Resin has done a form of this “data-distributed replication” for quite a while, along with Hazelcast and newer versions of JBoss Groups. Essentially you use some piece of metadata to decide which nodes replicate which data. Resin 3.1 and earlier had distributed sessions which picked a primary, secondary, and tertiary store for each session. This avoids the problem with buddy replication above to some extent. Hazelcast and JBoss Groups also do this now, but they add the ability to manage the data across a changing set of nodes. They essentially do a secure hash of the data’s metadata and do a mod N operation (where N is the current number of nodes) to determine the primary store. The second and third stores can be found by going to the next significant digit or some other similar operation. The issue here is that N can change or the constituents of the cluster can change at any time. Each time they do change, you must recompute and reshuffle the data. Now it’s not quite as bad as it might seem at first glance — there are a lot of collisions when doing mod N operations — but there could be potentially large shifts.
Resin 4 takes a different approach, which is to store the data in triplicate on the three triad nodes mentioned earlier.
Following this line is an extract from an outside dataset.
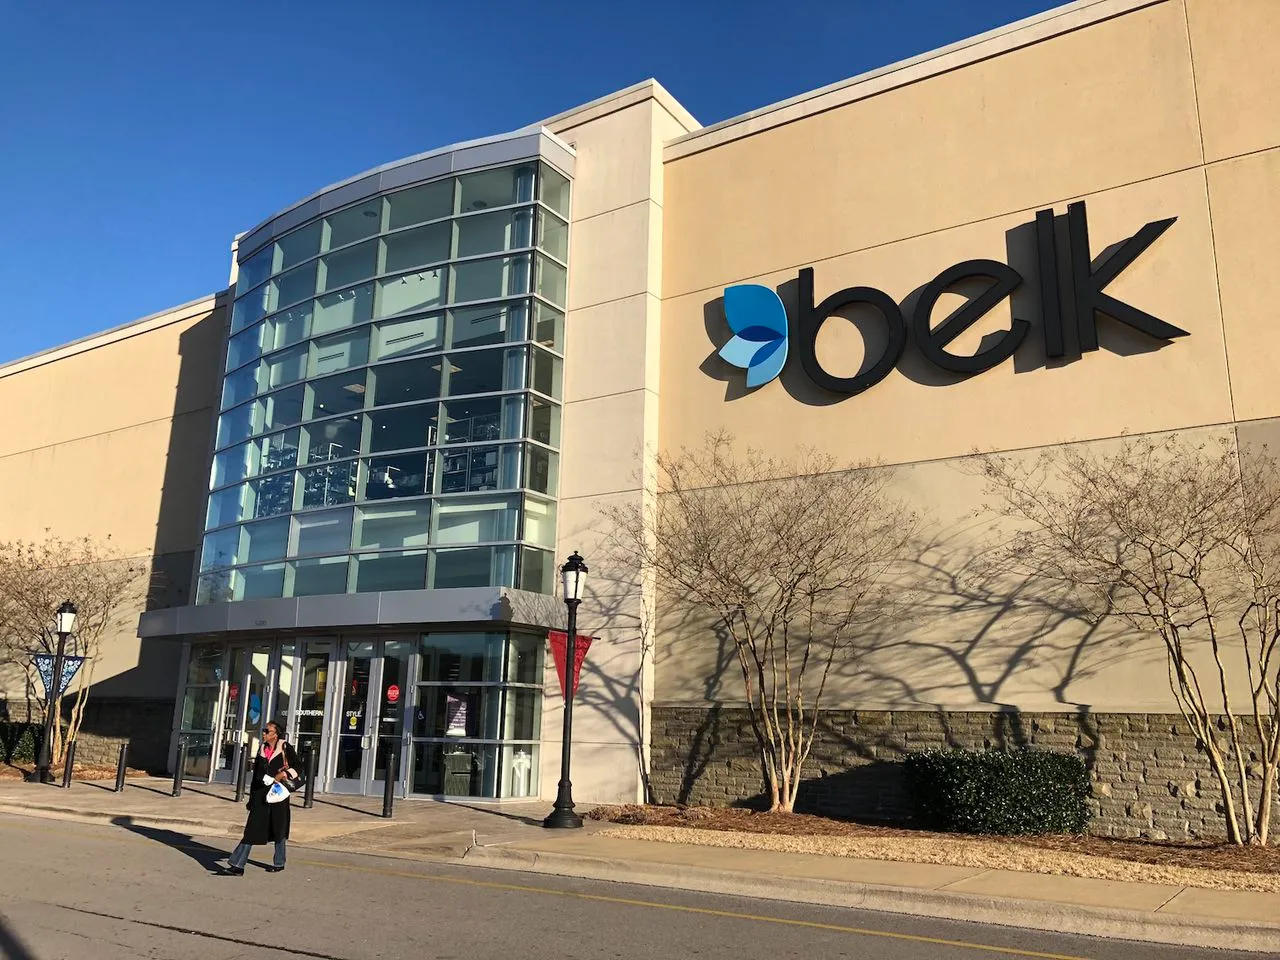 How to Find Belk Store Hours
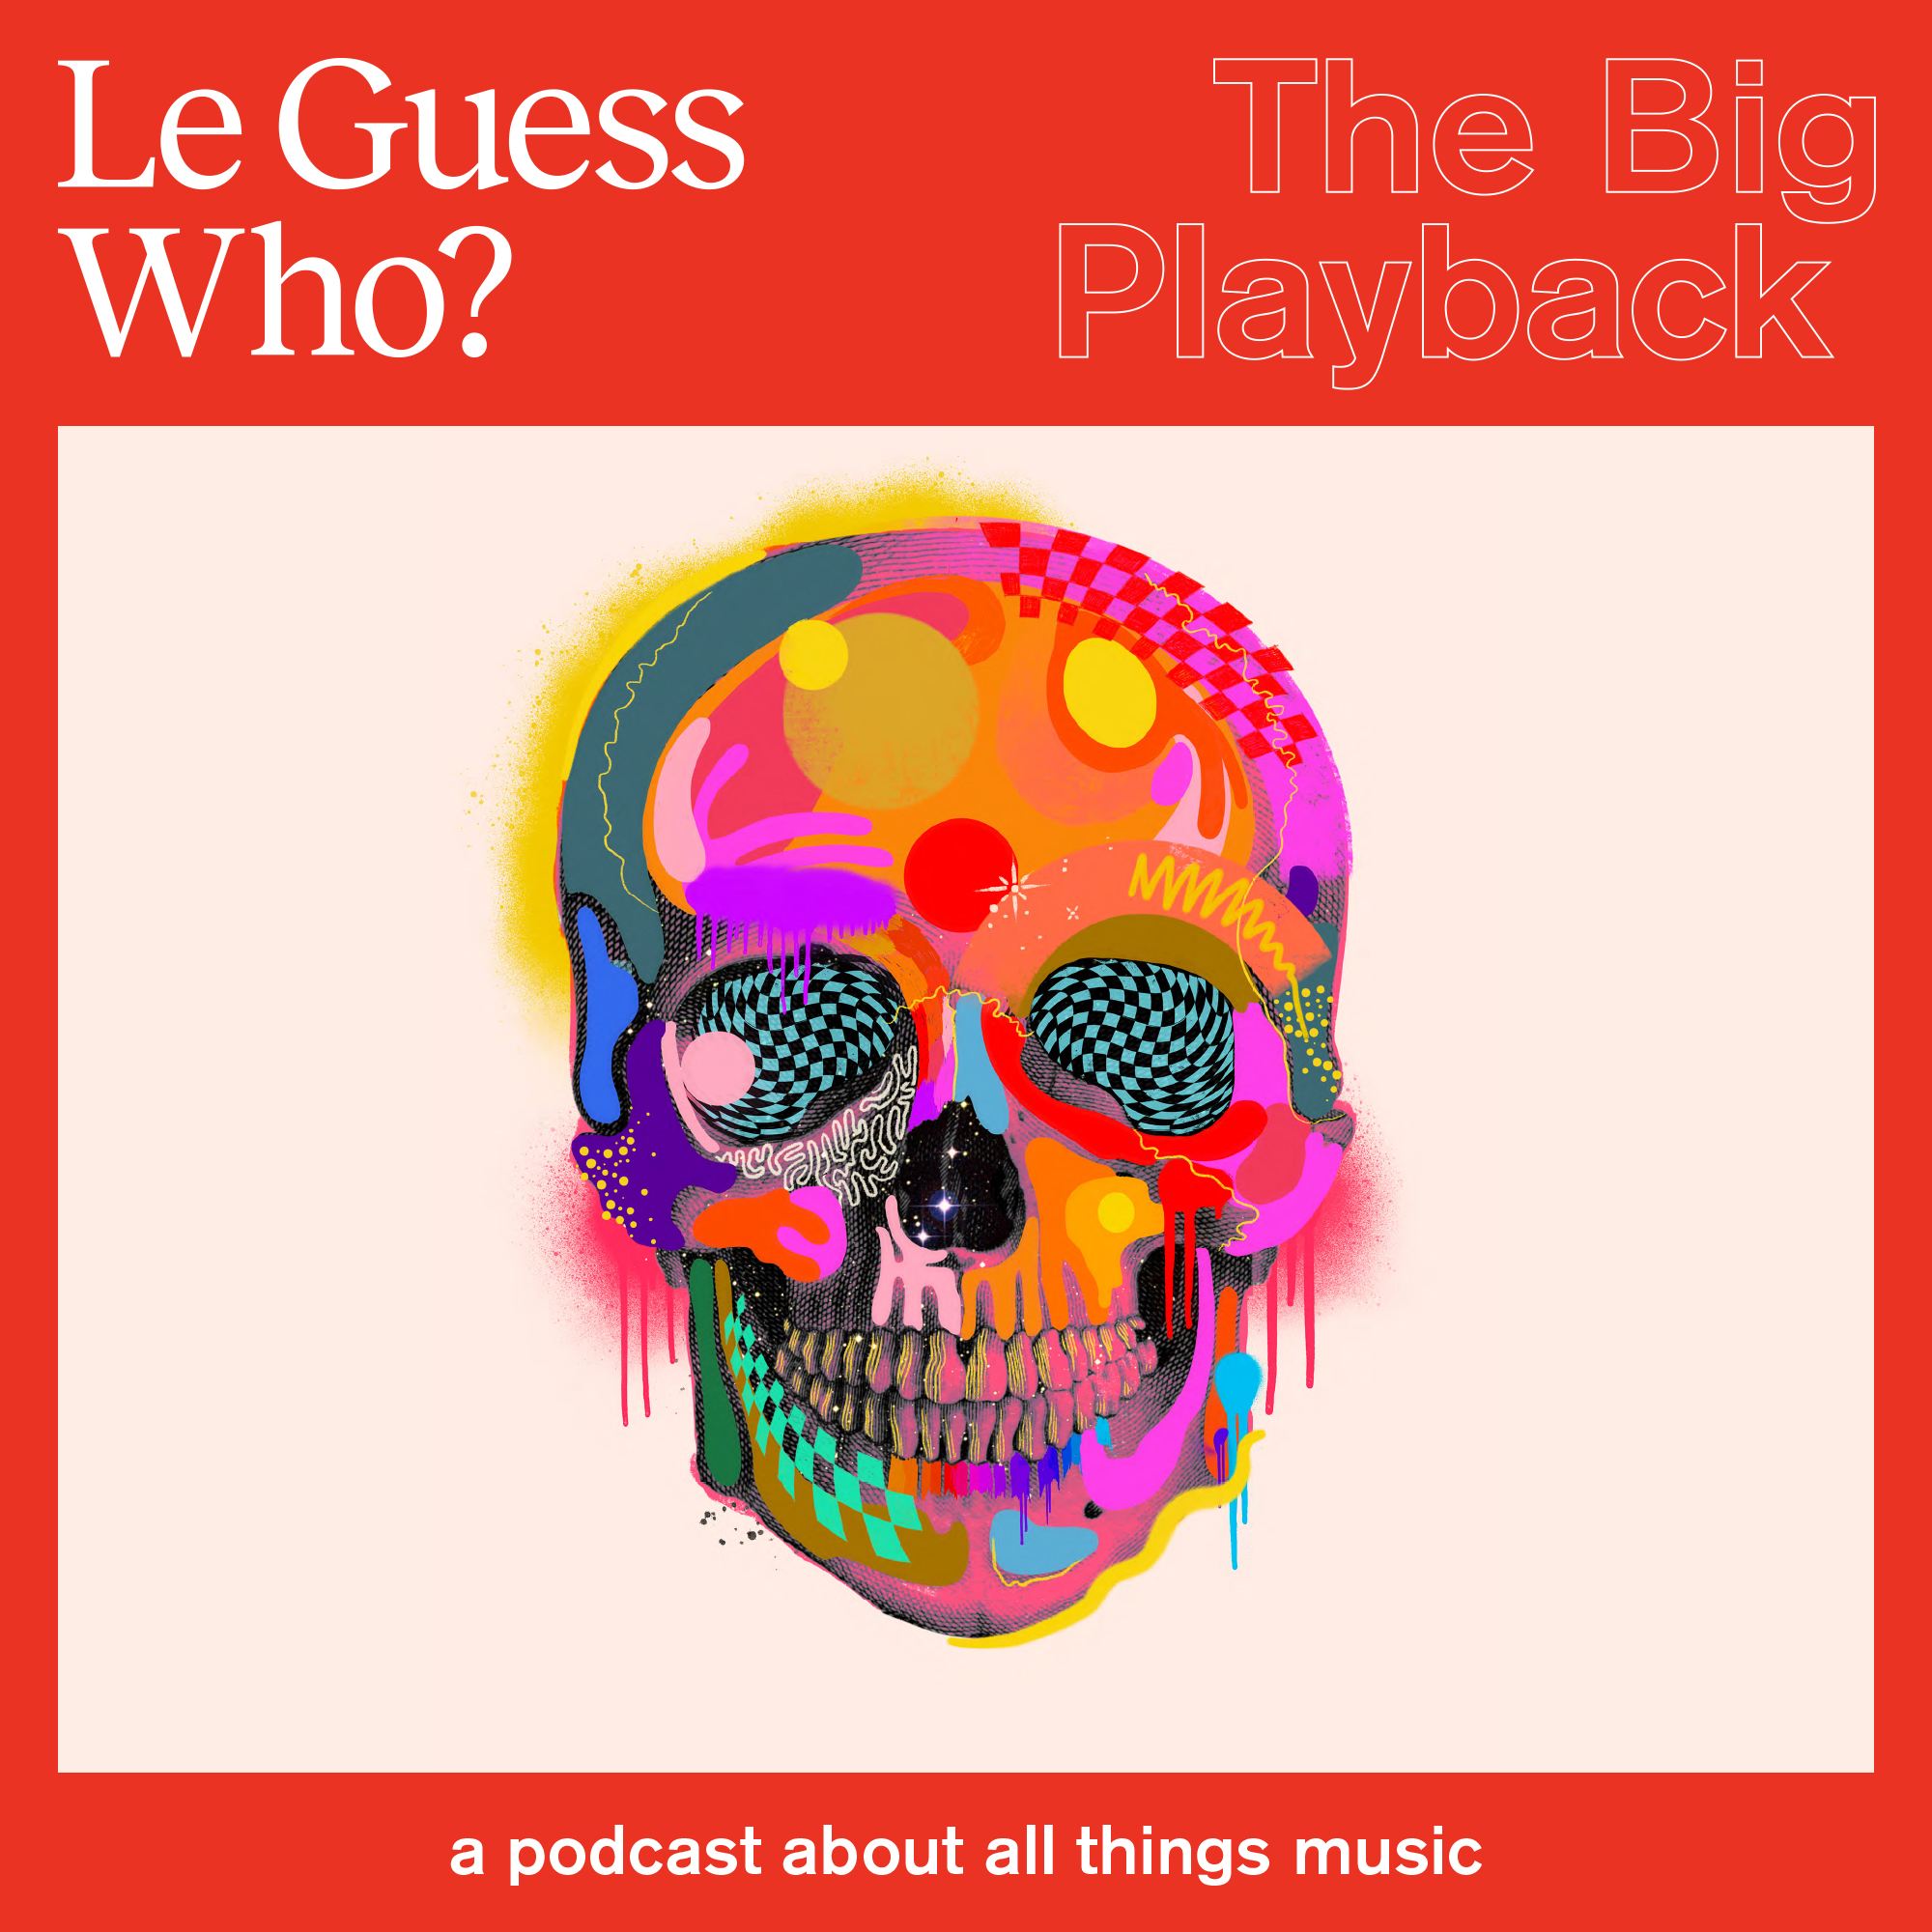 Podcast: listen to episode 2 of 'The Big Playback' about the relationship between Art and Identity

This may seem unsafe at first, because now we’re pinning down all our data in three servers, but it does have some advantages. First as administrators, if you keep these three nodes up and running, you won’t lose any data. With the more distributed data schemes, you may lose data if any three nodes go down. You won’t lose it all of course, but now you have to pay attention to every node in the cluster instead of just three. The other advantage is that there’s no data shuffling when nodes are added or removed from the cluster.
All of the approaches and techniques I mentioned have merit and appropriate applications. Which one you choose should therefore be based on which is appropriate for your situation in terms of management, performance, and the reliability assumptions of your environment. Resin 4 offers a unique approach which assumes that IP multicast is not always available and that administrators can maintain 3 specific nodes more effectively than any 3 in a cluster. With these assumptions, we benefit in manageability as well as network and storage overhead and performance on cluster reconfiguration.
Have you tried Resin 4 or any other similar technologies? What are your thoughts? Are there any cool approaches that I left out?